• Exercise aim
Go through the data below and copy it exactly, skipping every picture.

• Given information
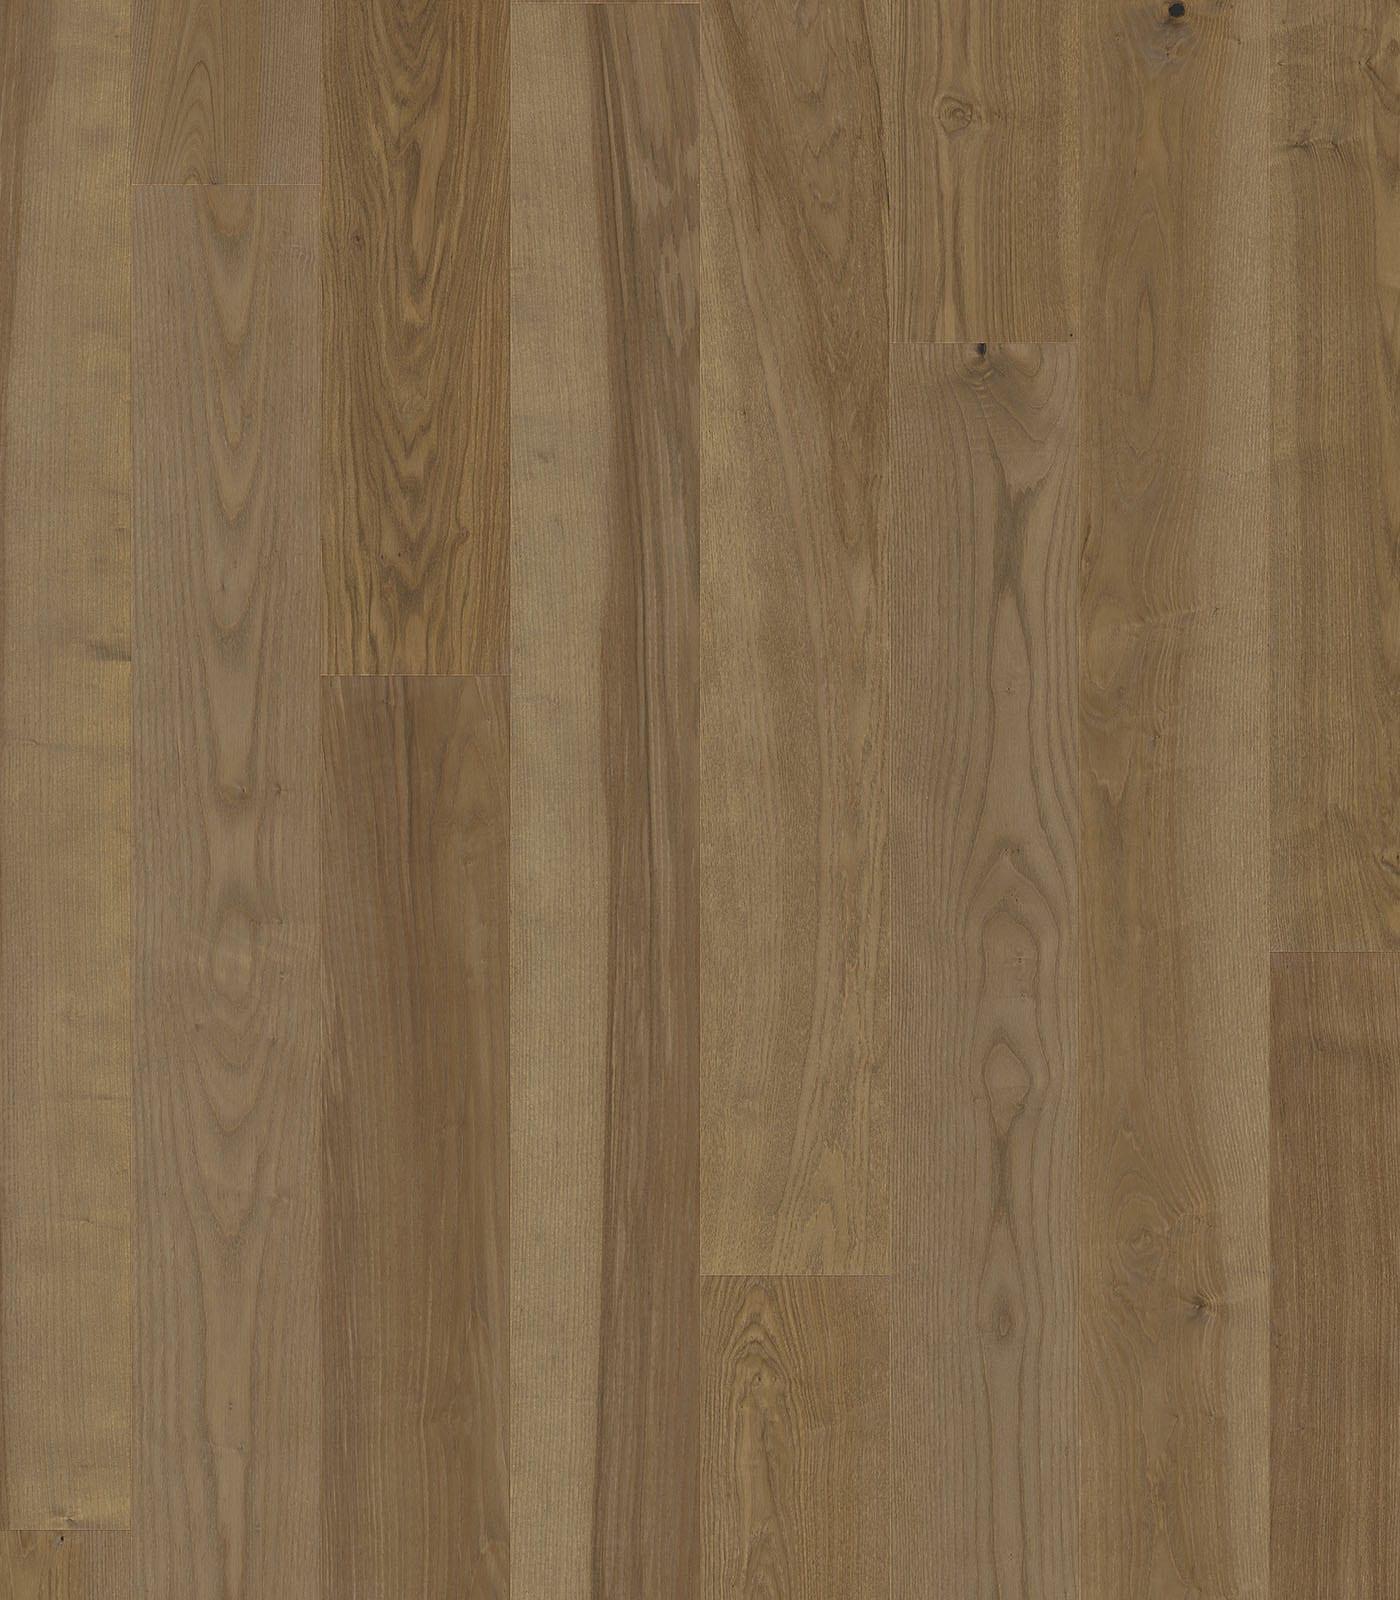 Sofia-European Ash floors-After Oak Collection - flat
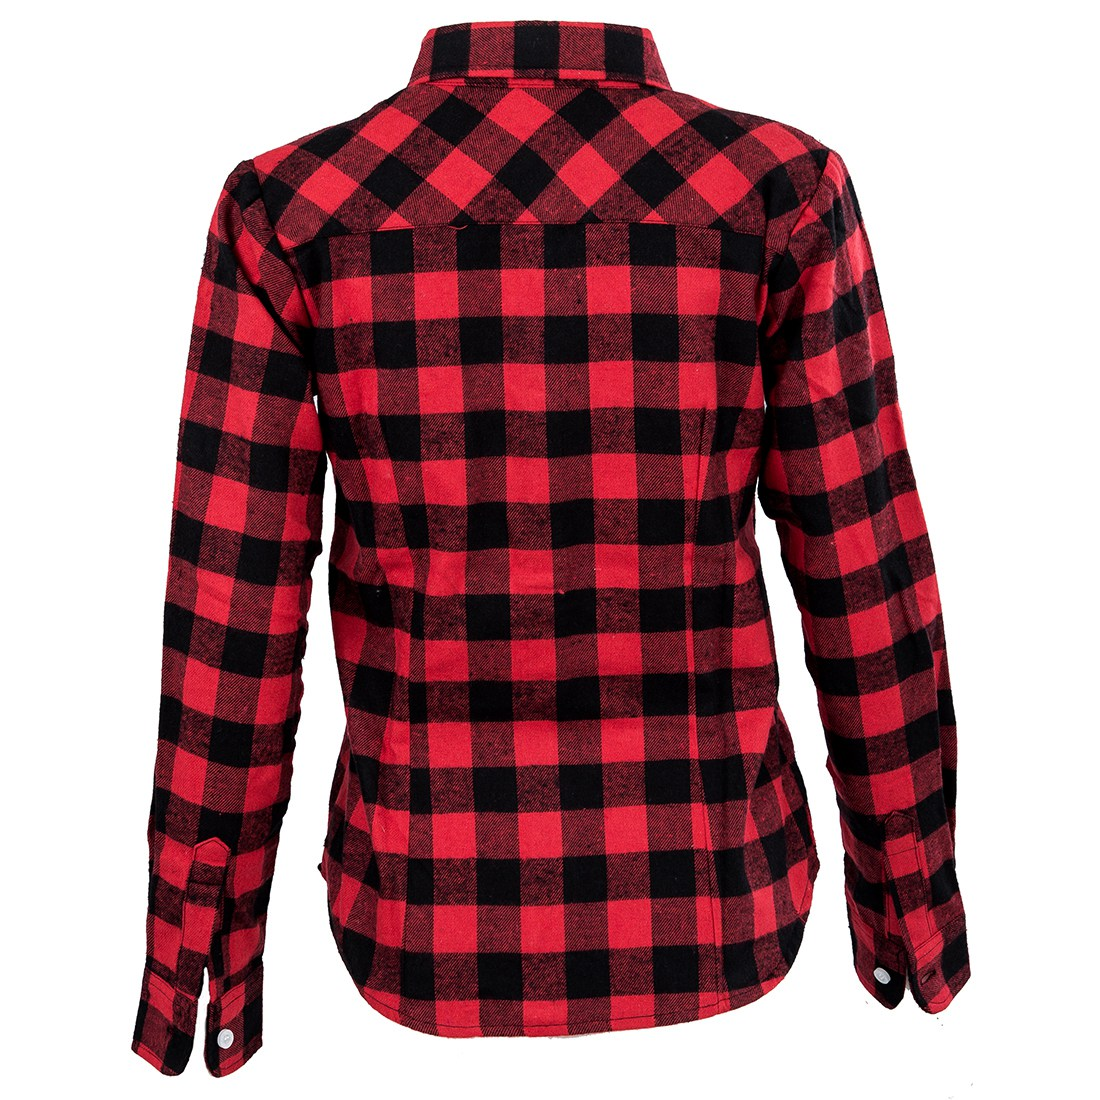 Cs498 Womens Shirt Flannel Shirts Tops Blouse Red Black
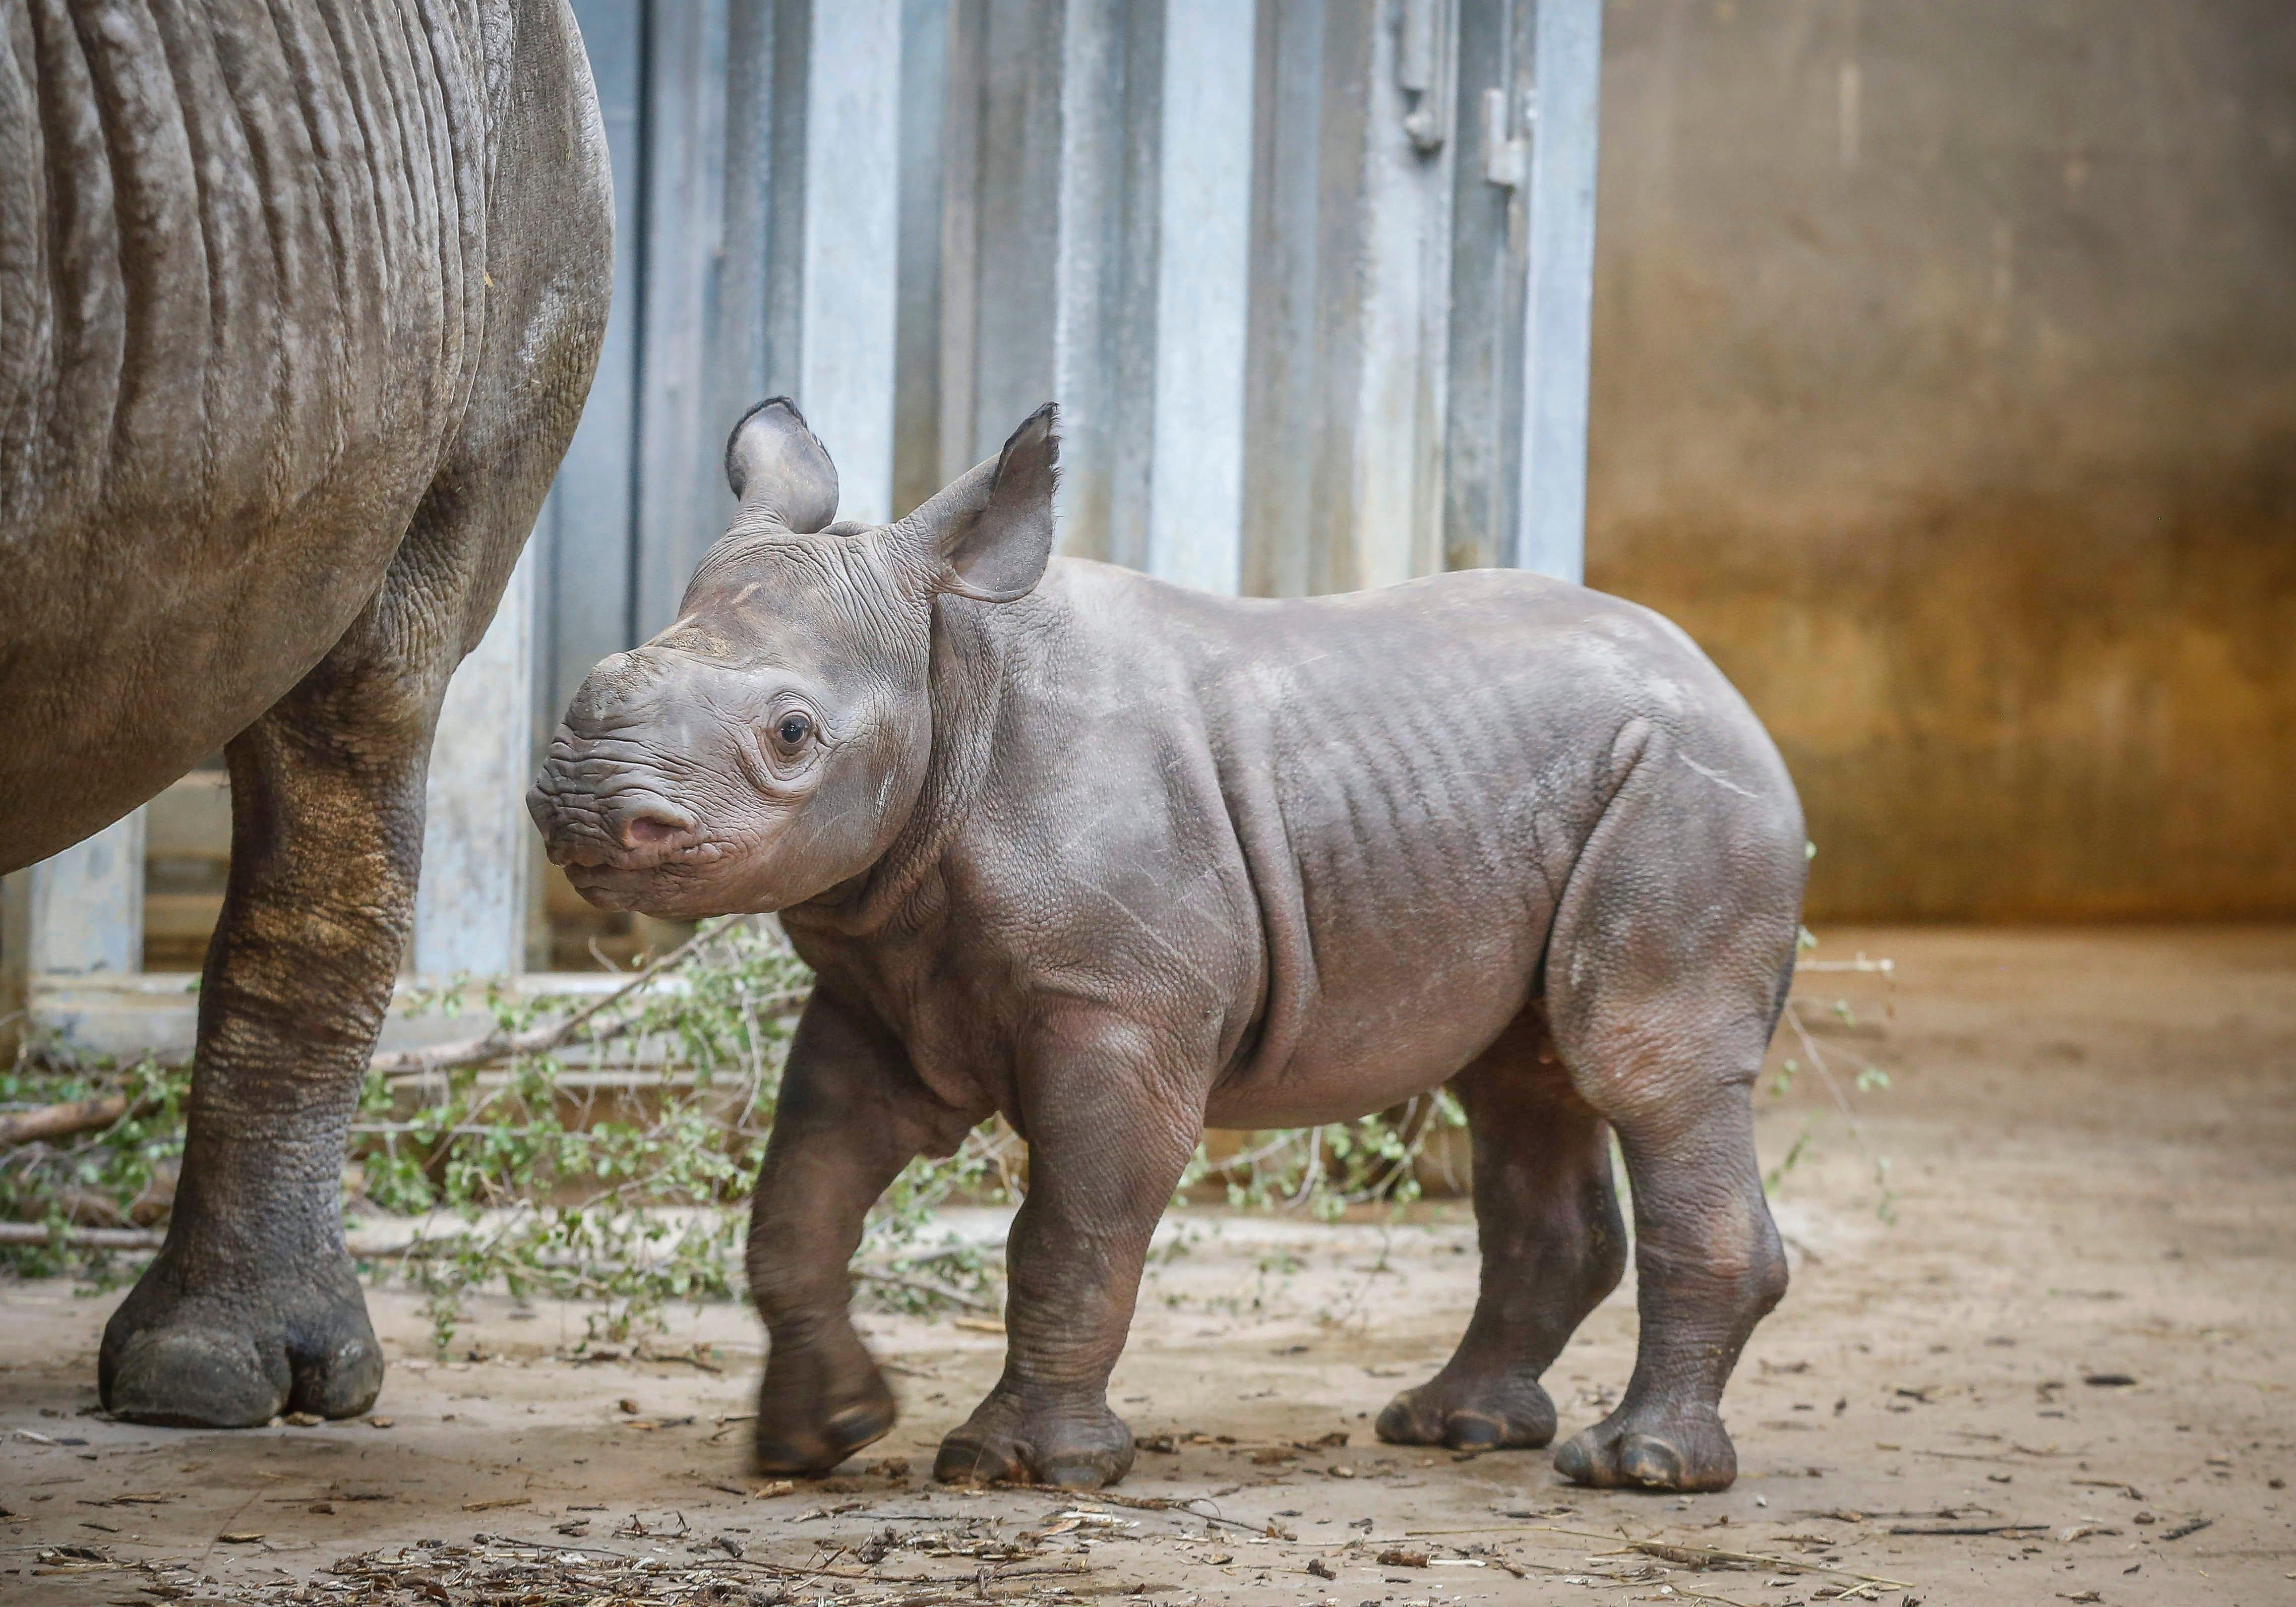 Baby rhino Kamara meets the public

• Response below
 Sofia-European Ash floors-After Oak Collection - flat
 Cs498 Womens Shirt Flannel Shirts Tops Blouse Red Black
 Baby rhino Kamara meets the public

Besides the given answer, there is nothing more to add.